Elías sentía que el niño había muerto, y al entrar en la cocina vio, en efecto, sentada junto al hogar, a Maddalena, que lloraba trágicamente, oprimiéndose de vez en vez la cabeza entre las manos. Parecía una esclava a la que se lo hubieran arrebatado todo: libertad, patria, ídolos, familia… Elías sintió el inmenso dolor de la mujer, y pensó:

«En este momento acaso ella cree que la pérdida del niño es el castigo por su culpa, y no sabe que de este dolor, en cambio, ella saldrá purificada y encontrará el camino del bien. ¡Los caminos del Señor son grandes, son infinitos!».

Pero mientras pensaba eso, miraba a su alrededor en la cocina semioscura, y al no ver a Farre entre las pocas personas allí reunidas, pensaba con dolor que acaso estuviera todavía allí, junto al niño muerto.

Entró.

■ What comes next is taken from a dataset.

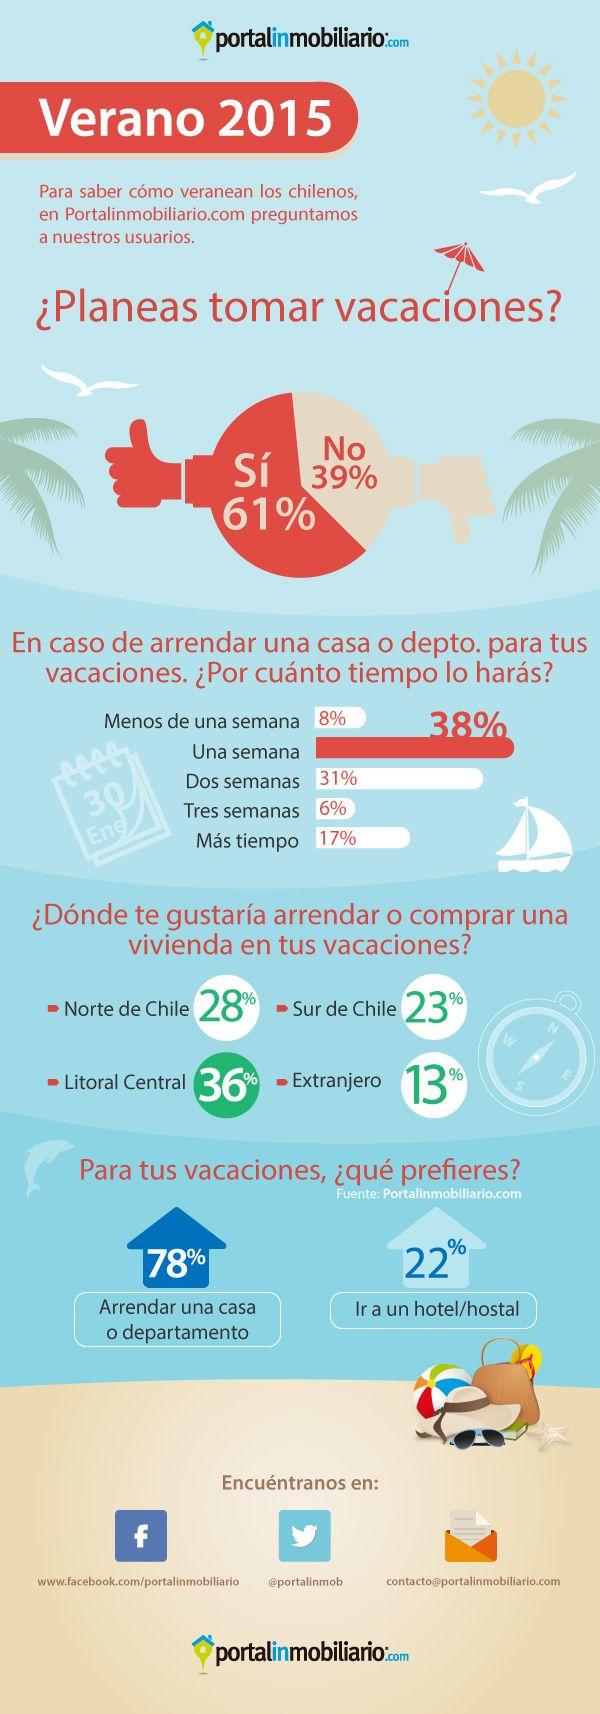 Para saber cómo veranean los chilenos, Portalinmobiliario.com realizó diversas encuestas relacionadas con el tema en su sitio web.
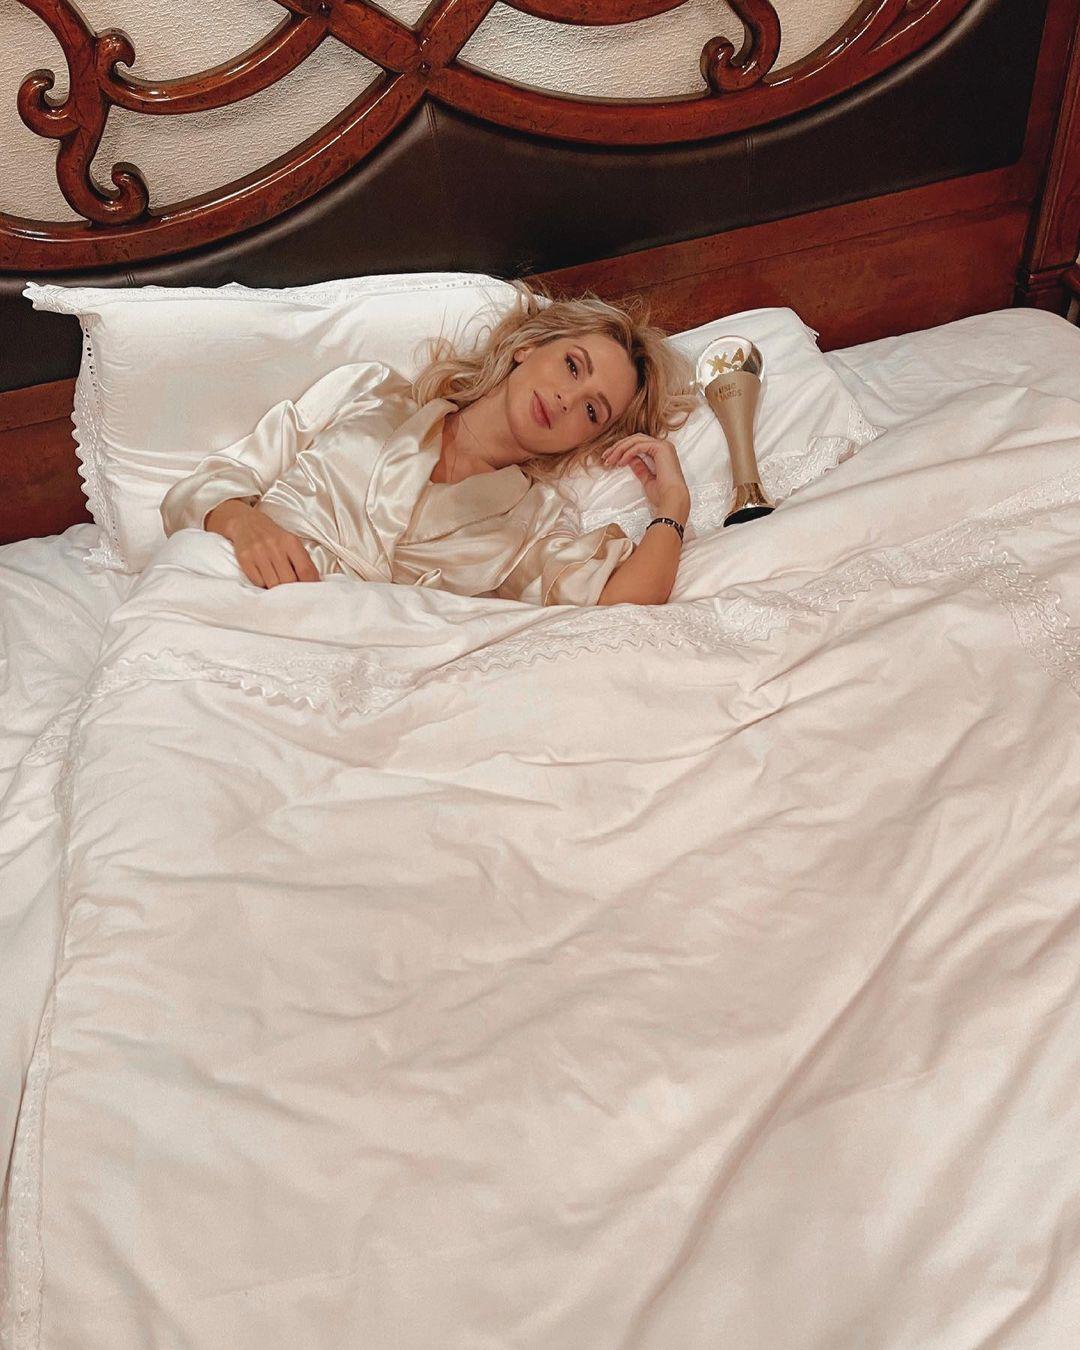 Светлана Лобода получила премию, лёжа в постели

Farre no estaba. Sólo tía Annedda, palidísima, pero tranquila, sin llorar, sin hacer ruido, lavaba y vestía el cadáver. Elías le ayudó un poco: cogió del arcón los calcetines y los zapatitos del niño, y al calzarlo, sus piececillos exangües, enflaquecidos por la enfermedad, estaban todavía blandos y tibios.

Hasta que el muerto no estuvo vestido y colocado entre los almohadones, y mientras tía Annedda permaneció allí, Elías se mantuvo tranquilo; pero apenas se encontró solo, sintió un escalofrío que le recorría todo el cuerpo, sintió que la cara y las manos se le enfriaban, se arrodilló y escondió su rostro entre las sábanas.

Finalmente, finalmente estaba solo con su hijo. Nadie ya podía quitárselo, nadie ya podía interponerse entre ellos. Y en su infinita aflicción, sentía caer un tenue velo de paz y casi de alegría (parecido a la vaporosidad de aquella misteriosa noche otoñal), porque su alma se encontraba finalmente sola, purificada por el dolor, sola y libre de toda pasión humana, ante el Señor grande y misericordioso.